Michele Murolo

Personal information
- Date of birth: 27 November 1983 (age 41)
- Place of birth: Naples, Italy
- Height: 1.87 m (6 ft 1+1⁄2 in)
- Position(s): Defender

Team information
- Current team: Nola

Senior career*
- Years: Team / Apps / (Gls)
- 2002–2010: Marcianise / 194 / (6)
- 2010–2011: Salernitana / 18 / (1)
- 2011–2012: Spezia / 21 / (1)
- 2012–2014: Juve Stabia / 37 / (2)
- 2014: Vicenza / 7 / (0)
- 2014–2016: Casertana / 48 / (6)
- 2017–2021: Carrarese / 60 / (5)
- 2021–2022: Paganese / 22 / (2)
- 2022–2023: Afragolese / 17 / (1)
- 2023-: Nola / 0 / (0)

= Michele Murolo =

Italian footballer (born 1983)

Michele Murolo (born 27 November 1983) is an Italian professional footballer who plays for Eccellenza club Nola.

==Biography==
Born in Naples, Campania, Murolo started his career at Campania club Marcianise. The club promoted from Serie D (fifth division until 2014) to Serie C2 in 2005 (fourth division until 2014) and again from Serie C2 to Lega Pro Prima Divisione (ex–Serie C1).

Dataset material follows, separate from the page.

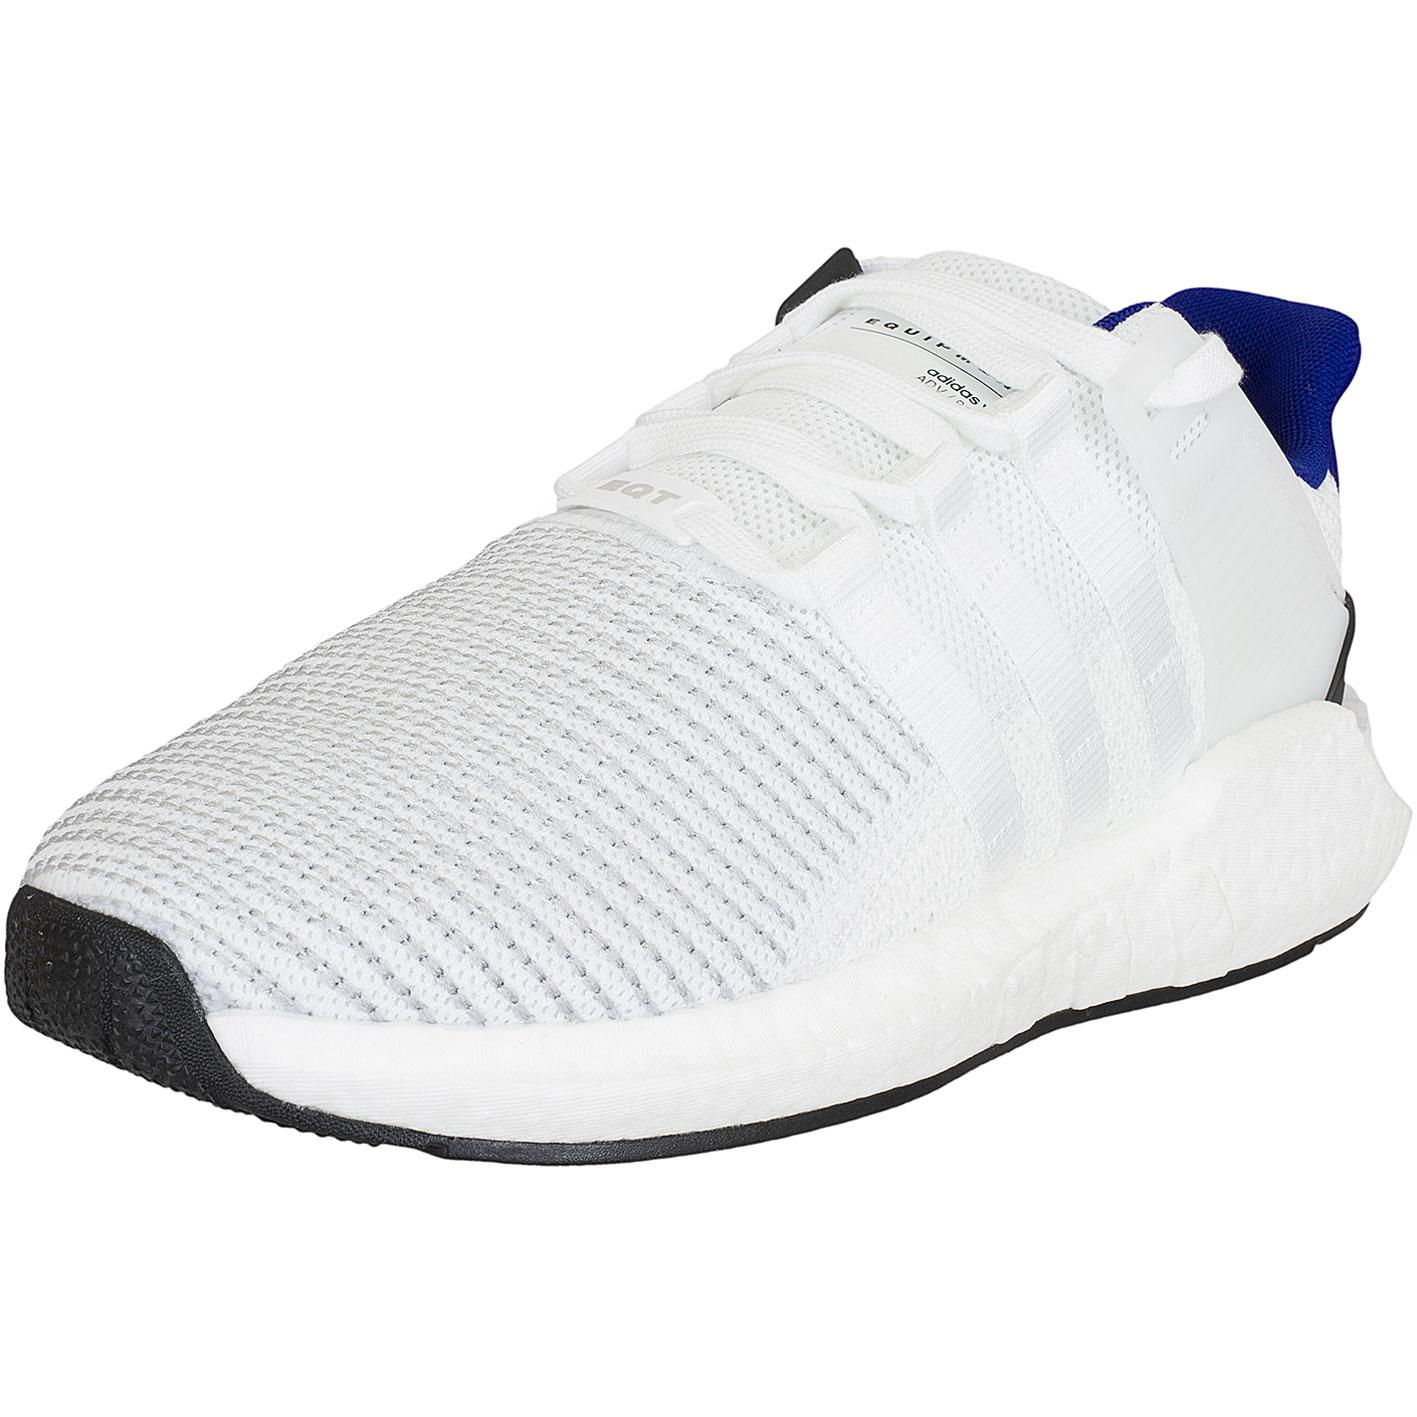 adidas originals sneaker equipment support 93 17 wei. Black Bedroom Furniture Sets. Home Design Ideas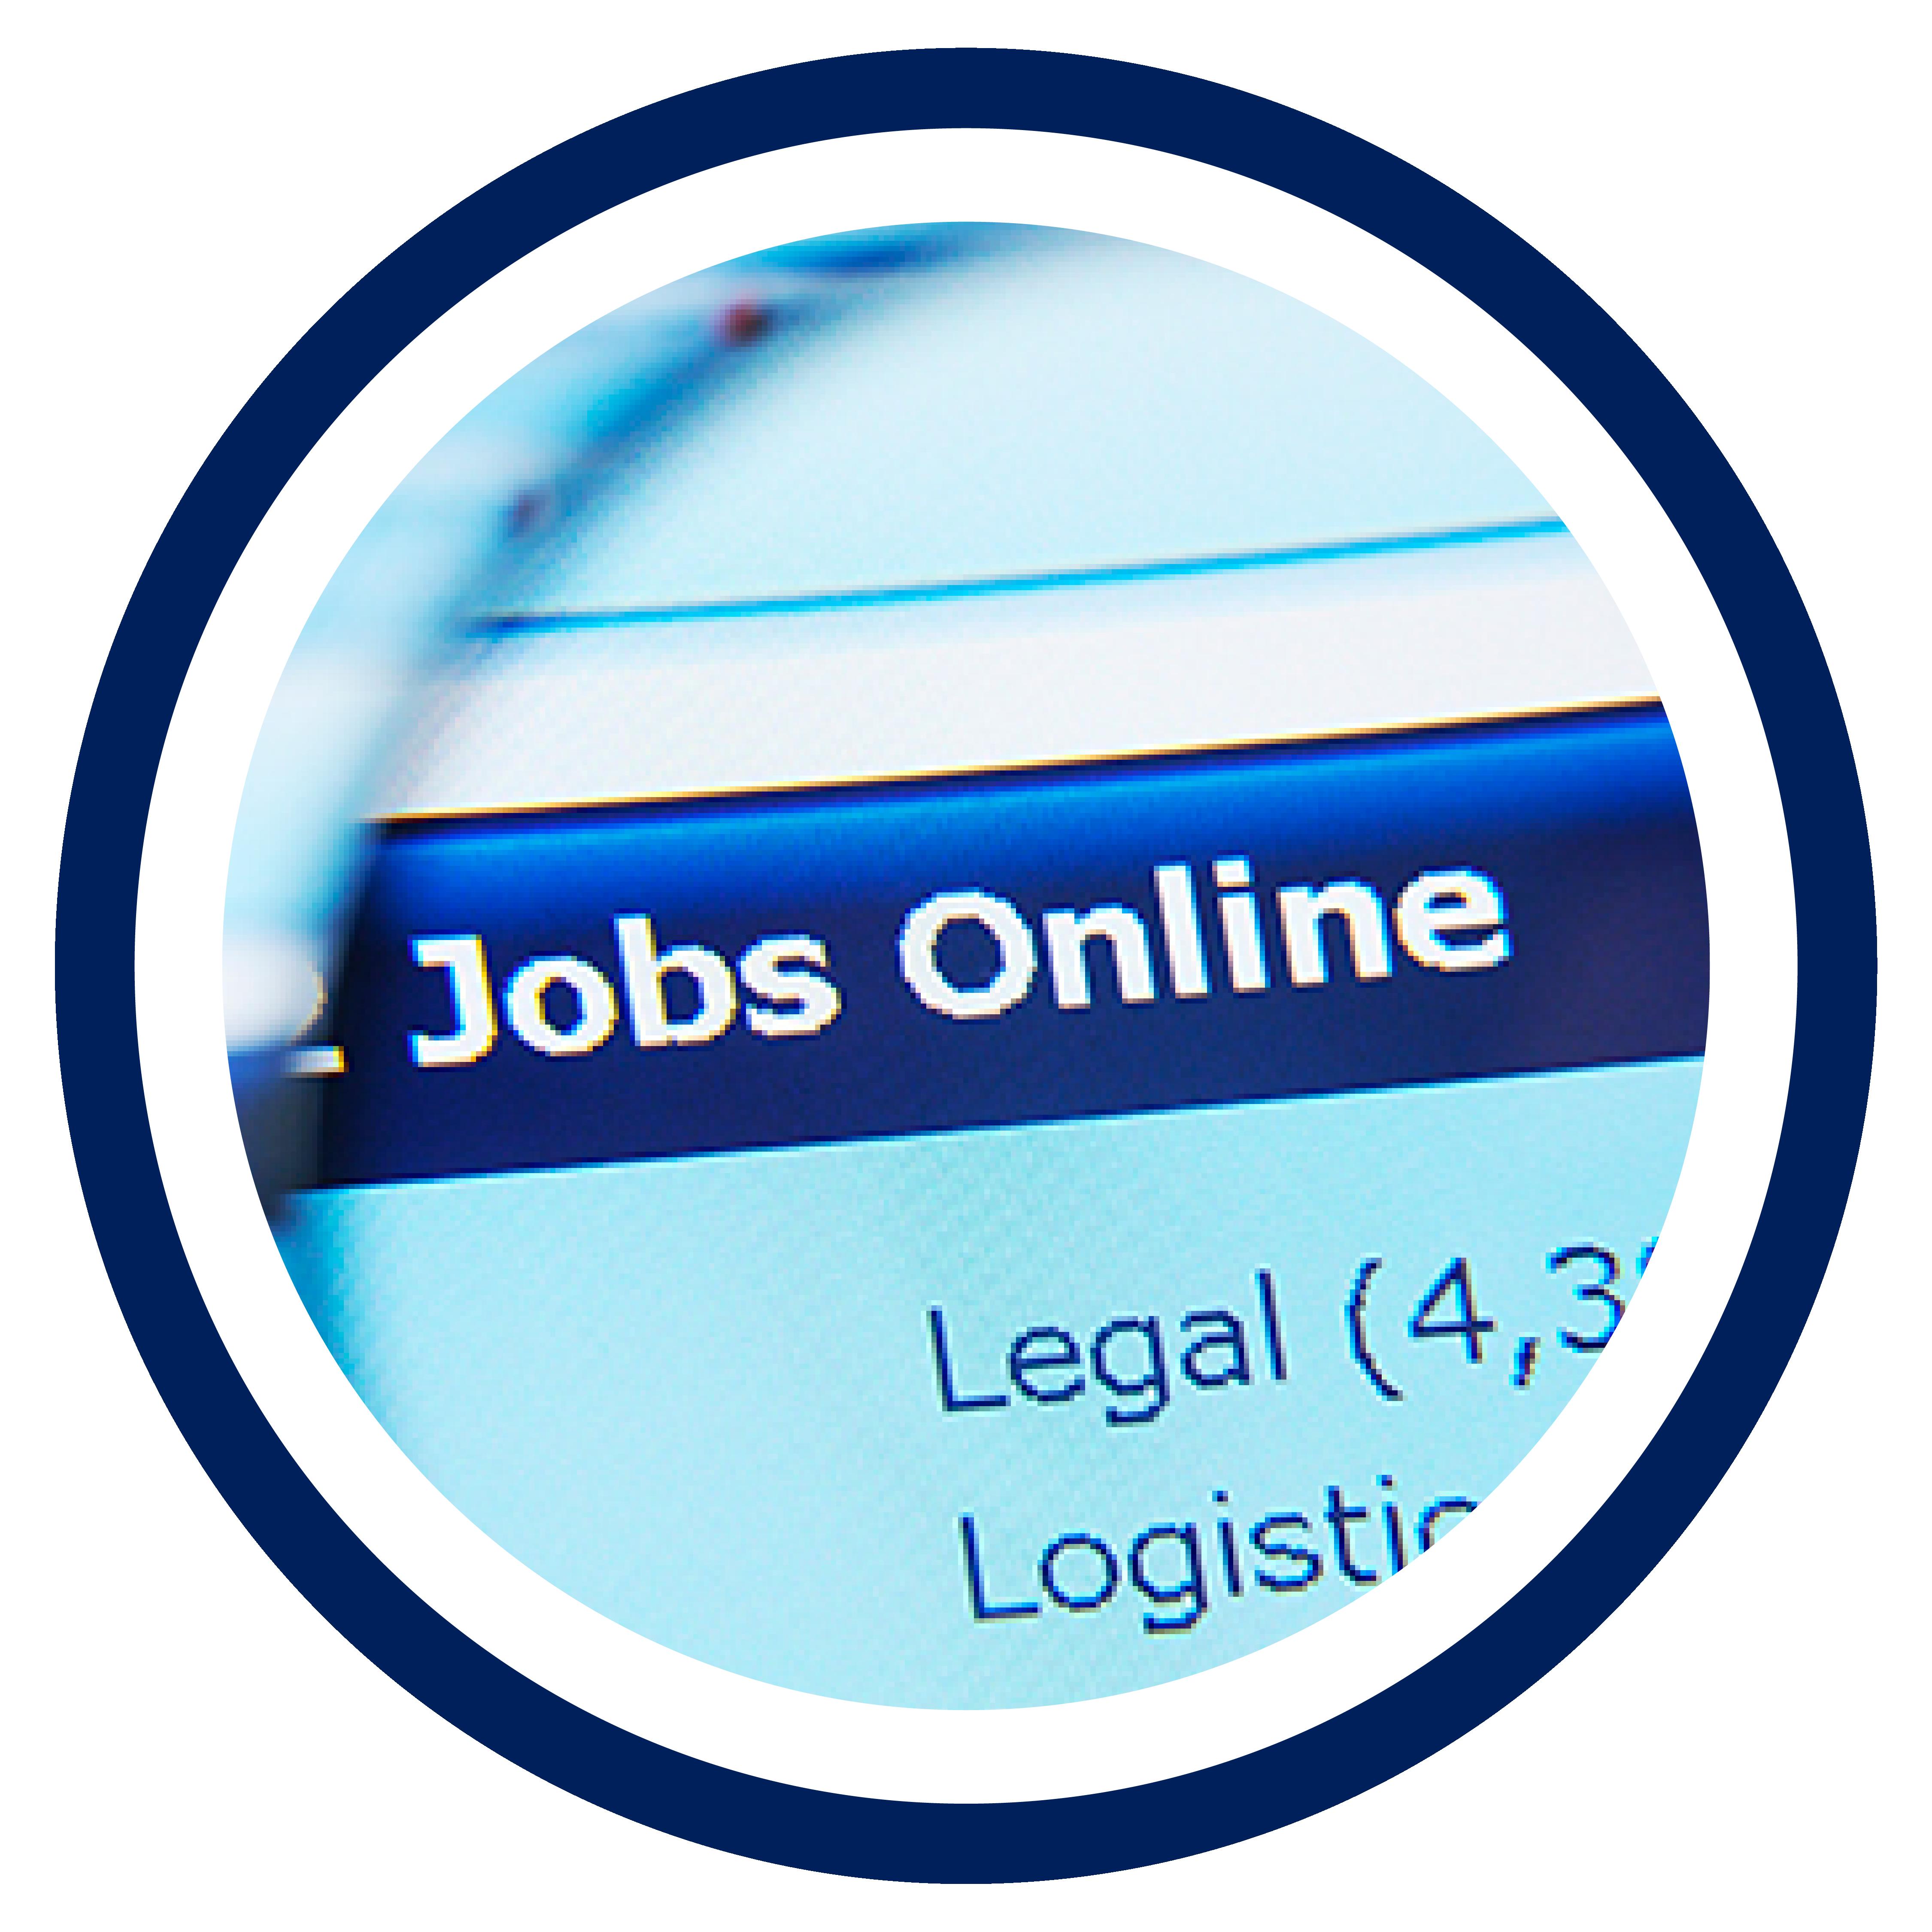 Image of job board on website

The club was excluded from 2010–11 season due to financial difficulties. Murolo left for another Campania club Salernitana in 2010, however the club also bankrupted at the end of season.

In 2011, he was signed by Ligurian club Spezia. He won promotion again, this time from the third division to Serie B. However, on 10 August 2012 he was released. Murolo immediately returned to Campania for fellow Serie B club Juve Stabia.

On 13 January 2014 he was signed by the third division club Vicenza in 1 1/2-year contract, with Angelo Di Stasio moved to opposite direction. 25 July 2014 he was signed by Casertana for free. In 2017, he was signed by Carrarese after a short trial period.

On 31 July 2021 he joined Paganese on a one-season deal.